Provided records:
***

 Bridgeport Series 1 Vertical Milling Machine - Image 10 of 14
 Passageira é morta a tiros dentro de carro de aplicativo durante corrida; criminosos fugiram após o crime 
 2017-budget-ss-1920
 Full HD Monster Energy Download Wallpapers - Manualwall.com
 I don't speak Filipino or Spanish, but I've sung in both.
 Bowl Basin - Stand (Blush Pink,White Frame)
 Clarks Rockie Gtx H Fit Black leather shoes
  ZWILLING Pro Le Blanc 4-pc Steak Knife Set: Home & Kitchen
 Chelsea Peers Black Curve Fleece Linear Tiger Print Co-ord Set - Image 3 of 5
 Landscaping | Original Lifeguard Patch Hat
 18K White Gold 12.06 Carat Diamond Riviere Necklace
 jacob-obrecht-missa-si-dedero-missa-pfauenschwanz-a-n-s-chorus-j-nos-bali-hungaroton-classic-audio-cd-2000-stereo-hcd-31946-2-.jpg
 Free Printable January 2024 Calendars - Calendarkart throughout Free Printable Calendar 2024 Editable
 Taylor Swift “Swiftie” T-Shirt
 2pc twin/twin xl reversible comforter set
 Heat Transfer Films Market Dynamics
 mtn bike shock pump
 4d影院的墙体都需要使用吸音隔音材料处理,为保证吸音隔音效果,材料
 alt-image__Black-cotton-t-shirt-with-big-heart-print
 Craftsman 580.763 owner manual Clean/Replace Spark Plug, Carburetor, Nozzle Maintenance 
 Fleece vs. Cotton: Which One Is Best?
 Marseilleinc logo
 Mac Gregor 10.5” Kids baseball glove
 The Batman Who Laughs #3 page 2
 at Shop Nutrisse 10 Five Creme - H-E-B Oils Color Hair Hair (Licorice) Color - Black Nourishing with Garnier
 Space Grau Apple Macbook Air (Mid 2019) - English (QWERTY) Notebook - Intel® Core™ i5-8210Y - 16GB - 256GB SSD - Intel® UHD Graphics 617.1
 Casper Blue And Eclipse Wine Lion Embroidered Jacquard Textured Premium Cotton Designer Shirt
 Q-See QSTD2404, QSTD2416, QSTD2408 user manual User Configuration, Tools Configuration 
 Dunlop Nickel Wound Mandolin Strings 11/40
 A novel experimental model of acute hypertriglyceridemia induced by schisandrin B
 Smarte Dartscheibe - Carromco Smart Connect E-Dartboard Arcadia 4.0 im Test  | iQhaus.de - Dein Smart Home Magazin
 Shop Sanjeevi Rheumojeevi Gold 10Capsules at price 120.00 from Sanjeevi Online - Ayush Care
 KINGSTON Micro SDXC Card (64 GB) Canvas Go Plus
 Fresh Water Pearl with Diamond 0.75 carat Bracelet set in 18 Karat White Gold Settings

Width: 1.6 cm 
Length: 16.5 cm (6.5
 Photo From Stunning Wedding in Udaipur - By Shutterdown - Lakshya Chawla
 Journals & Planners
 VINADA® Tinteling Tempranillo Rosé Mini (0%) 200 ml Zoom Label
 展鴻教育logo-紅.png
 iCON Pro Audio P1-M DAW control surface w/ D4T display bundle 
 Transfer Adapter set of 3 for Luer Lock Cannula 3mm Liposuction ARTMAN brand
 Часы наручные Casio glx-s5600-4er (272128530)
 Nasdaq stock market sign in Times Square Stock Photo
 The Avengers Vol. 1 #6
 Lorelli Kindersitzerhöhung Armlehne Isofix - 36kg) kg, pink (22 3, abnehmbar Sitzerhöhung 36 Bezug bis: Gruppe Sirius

***

What to produce:
Reproduce the entries above exactly.

Result of this task:
 Bridgeport Series 1 Vertical Milling Machine - Image 10 of 14
 Passageira é morta a tiros dentro de carro de aplicativo durante corrida; criminosos fugiram após o crime 
 2017-budget-ss-1920
 Full HD Monster Energy Download Wallpapers - Manualwall.com
 I don't speak Filipino or Spanish, but I've sung in both.
 Bowl Basin - Stand (Blush Pink,White Frame)
 Clarks Rockie Gtx H Fit Black leather shoes
  ZWILLING Pro Le Blanc 4-pc Steak Knife Set: Home & Kitchen
 Chelsea Peers Black Curve Fleece Linear Tiger Print Co-ord Set - Image 3 of 5
 Landscaping | Original Lifeguard Patch Hat
 18K White Gold 12.06 Carat Diamond Riviere Necklace
 jacob-obrecht-missa-si-dedero-missa-pfauenschwanz-a-n-s-chorus-j-nos-bali-hungaroton-classic-audio-cd-2000-stereo-hcd-31946-2-.jpg
 Free Printable January 2024 Calendars - Calendarkart throughout Free Printable Calendar 2024 Editable
 Taylor Swift “Swiftie” T-Shirt
 2pc twin/twin xl reversible comforter set
 Heat Transfer Films Market Dynamics
 mtn bike shock pump
 4d影院的墙体都需要使用吸音隔音材料处理,为保证吸音隔音效果,材料
 alt-image__Black-cotton-t-shirt-with-big-heart-print
 Craftsman 580.763 owner manual Clean/Replace Spark Plug, Carburetor, Nozzle Maintenance 
 Fleece vs. Cotton: Which One Is Best?
 Marseilleinc logo
 Mac Gregor 10.5” Kids baseball glove
 The Batman Who Laughs #3 page 2
 at Shop Nutrisse 10 Five Creme - H-E-B Oils Color Hair Hair (Licorice) Color - Black Nourishing with Garnier
 Space Grau Apple Macbook Air (Mid 2019) - English (QWERTY) Notebook - Intel® Core™ i5-8210Y - 16GB - 256GB SSD - Intel® UHD Graphics 617.1
 Casper Blue And Eclipse Wine Lion Embroidered Jacquard Textured Premium Cotton Designer Shirt
 Q-See QSTD2404, QSTD2416, QSTD2408 user manual User Configuration, Tools Configuration 
 Dunlop Nickel Wound Mandolin Strings 11/40
 A novel experimental model of acute hypertriglyceridemia induced by schisandrin B
 Smarte Dartscheibe - Carromco Smart Connect E-Dartboard Arcadia 4.0 im Test  | iQhaus.de - Dein Smart Home Magazin
 Shop Sanjeevi Rheumojeevi Gold 10Capsules at price 120.00 from Sanjeevi Online - Ayush Care
 KINGSTON Micro SDXC Card (64 GB) Canvas Go Plus
 Fresh Water Pearl with Diamond 0.75 carat Bracelet set in 18 Karat White Gold Settings

Width: 1.6 cm 
Length: 16.5 cm (6.5
 Photo From Stunning Wedding in Udaipur - By Shutterdown - Lakshya Chawla
 Journals & Planners
 VINADA® Tinteling Tempranillo Rosé Mini (0%) 200 ml Zoom Label
 展鴻教育logo-紅.png
 iCON Pro Audio P1-M DAW control surface w/ D4T display bundle 
 Transfer Adapter set of 3 for Luer Lock Cannula 3mm Liposuction ARTMAN brand
 Часы наручные Casio glx-s5600-4er (272128530)
 Nasdaq stock market sign in Times Square Stock Photo
 The Avengers Vol. 1 #6
 Lorelli Kindersitzerhöhung Armlehne Isofix - 36kg) kg, pink (22 3, abnehmbar Sitzerhöhung 36 Bezug bis: Gruppe Sirius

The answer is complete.